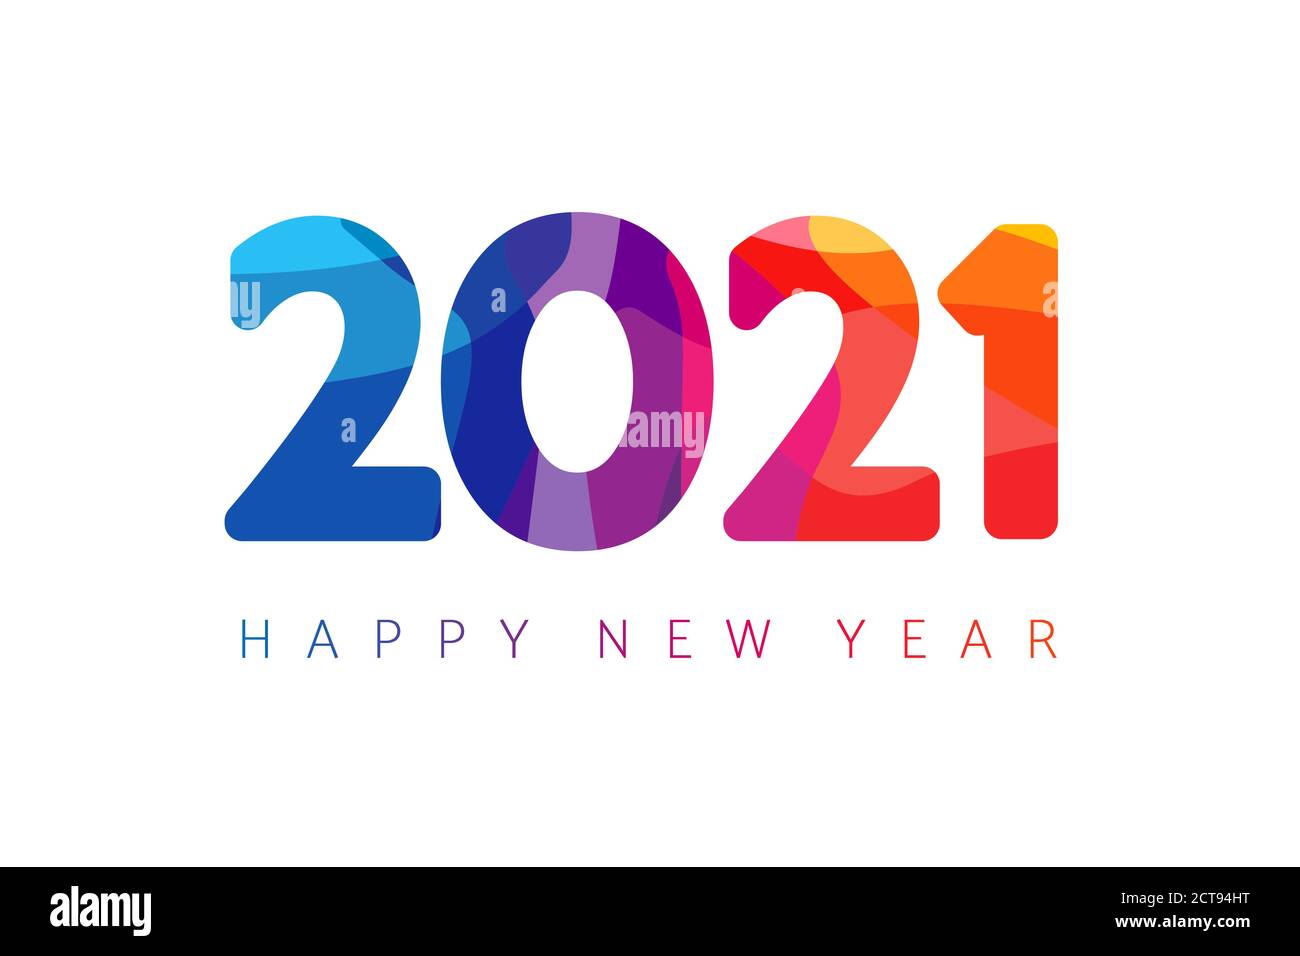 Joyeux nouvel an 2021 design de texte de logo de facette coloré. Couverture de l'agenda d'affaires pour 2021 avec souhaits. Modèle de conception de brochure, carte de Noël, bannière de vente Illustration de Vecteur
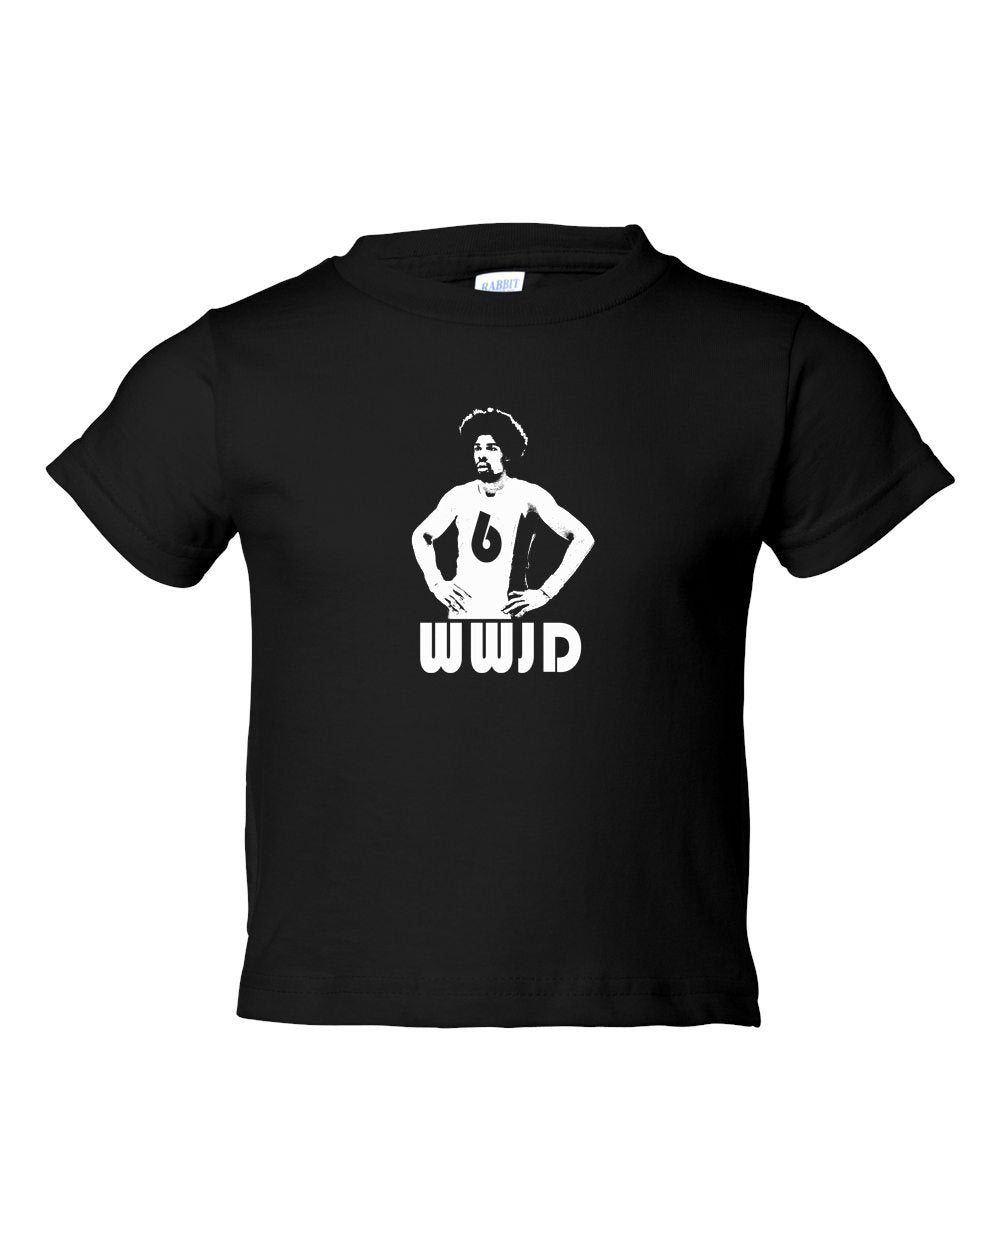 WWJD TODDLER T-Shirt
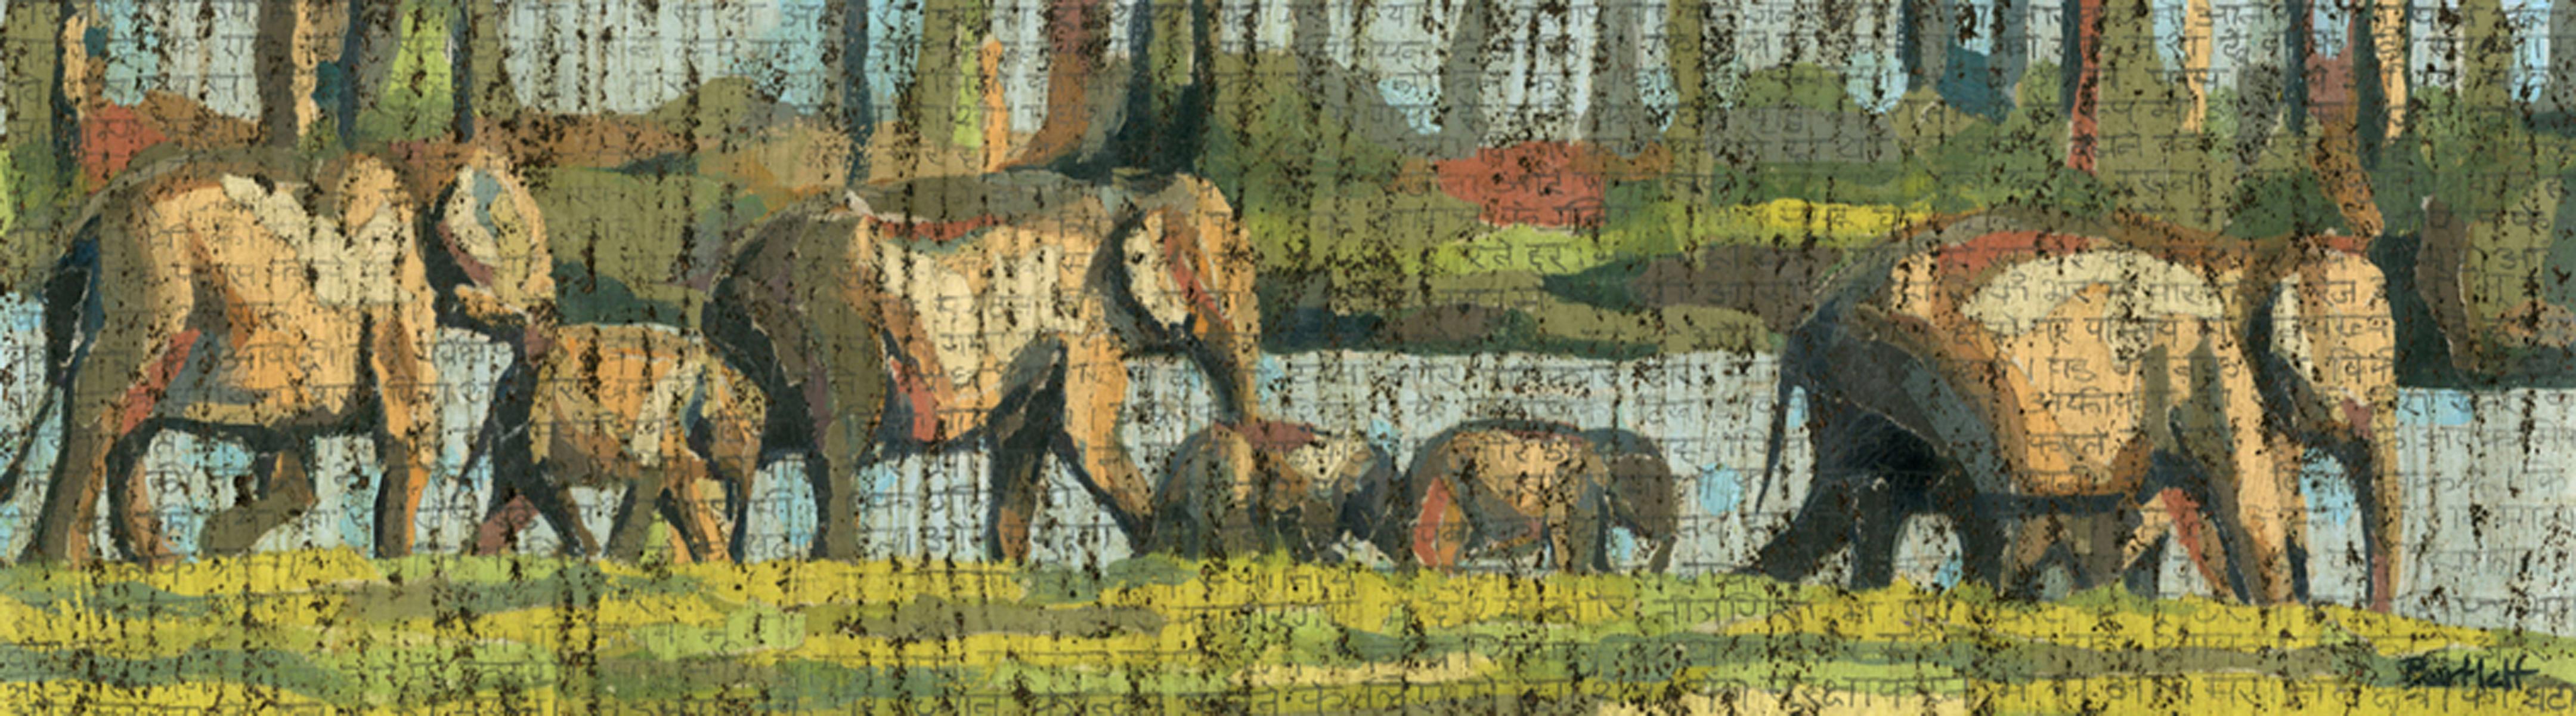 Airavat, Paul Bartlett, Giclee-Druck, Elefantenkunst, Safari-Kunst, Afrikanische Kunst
····················
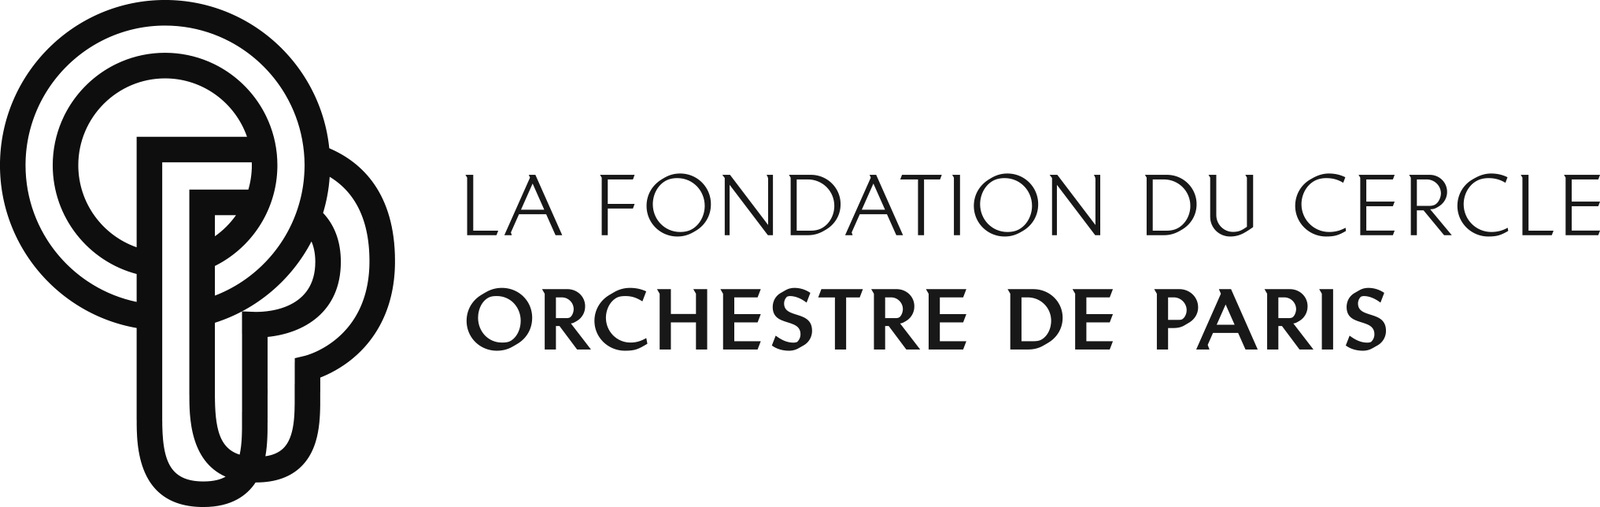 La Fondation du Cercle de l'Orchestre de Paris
····················
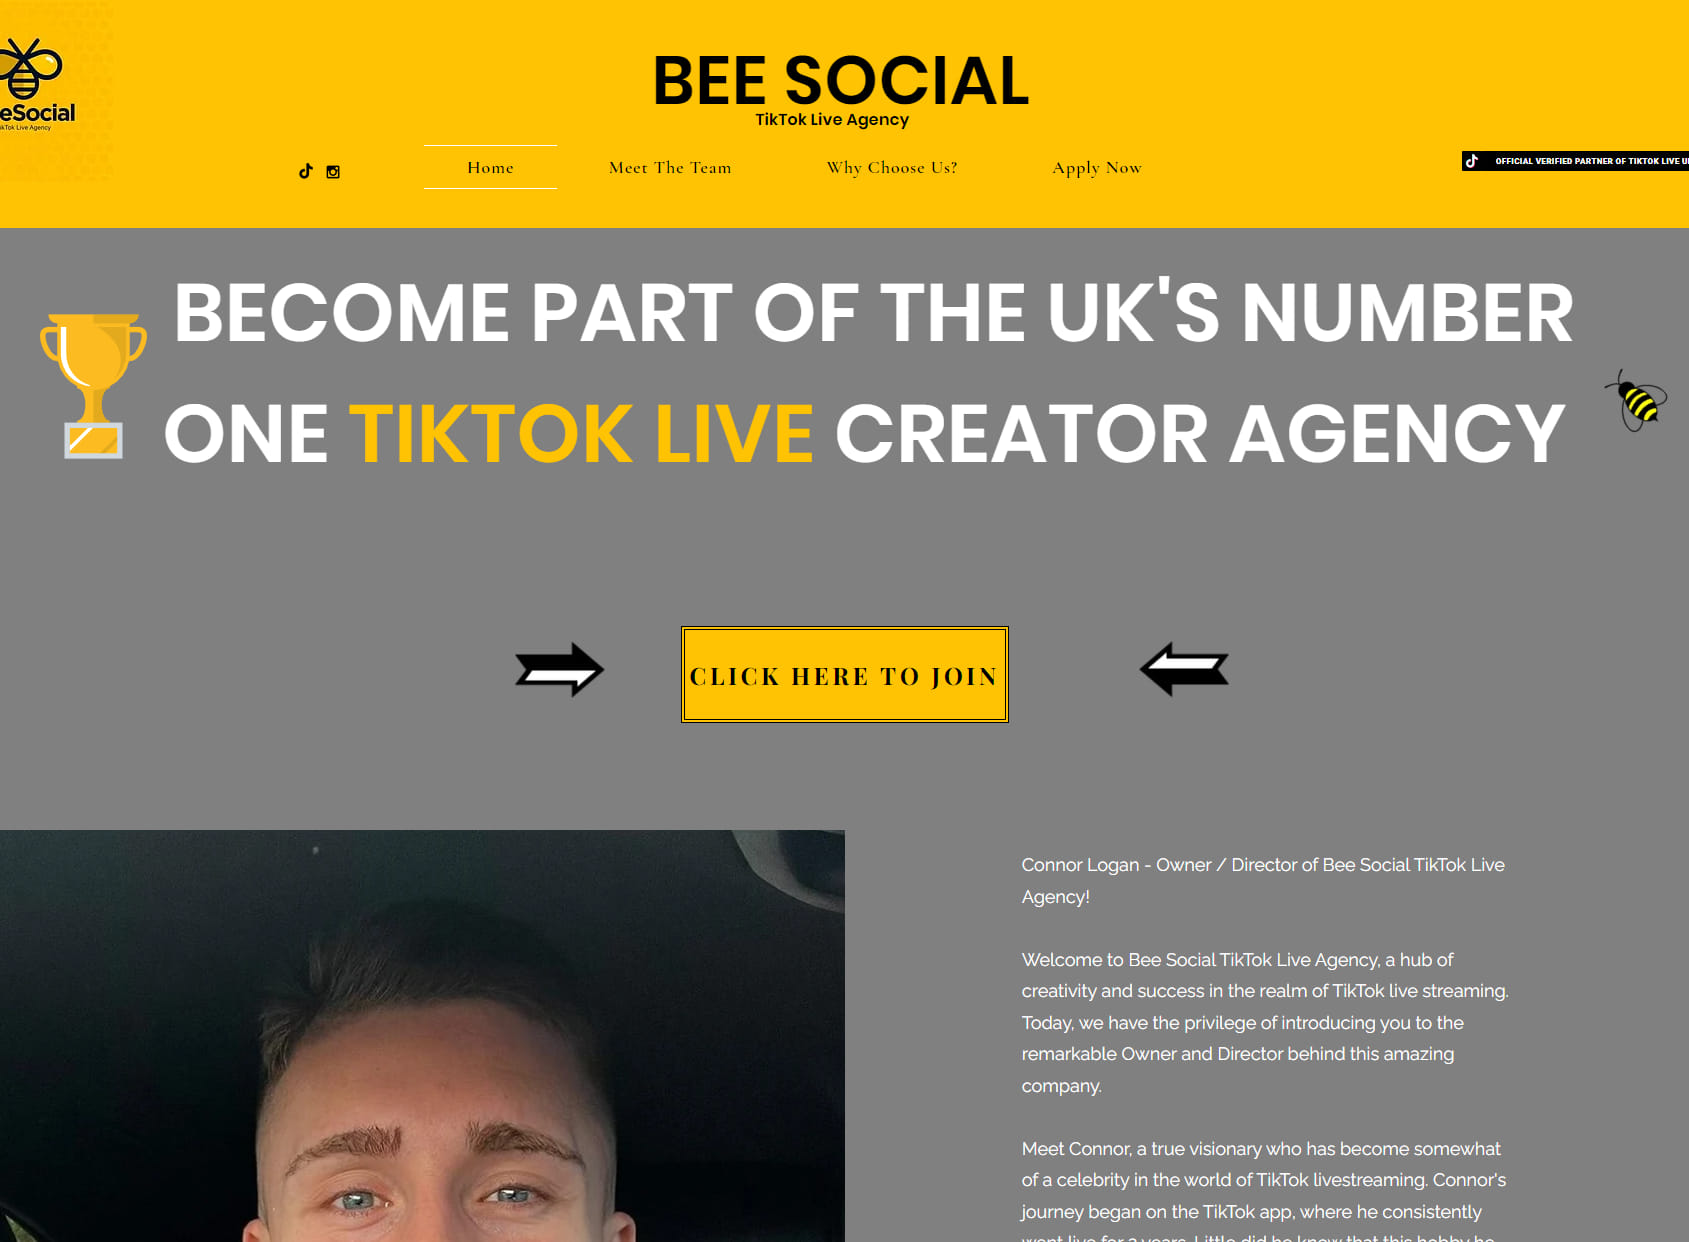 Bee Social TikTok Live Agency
····················
REQUIRED ACTION:
Beginning at the line that has "WWJD TODDLER T-Shirt" and ending at the line that has "Safari-Kunst, Afrikanische Kunst", restate the listing above word for word, pictures left out.

SOLVED EXERCISE:
 WWJD TODDLER T-Shirt
 Airavat, Paul Bartlett, Giclee-Druck, Elefantenkunst, Safari-Kunst, Afrikanische Kunst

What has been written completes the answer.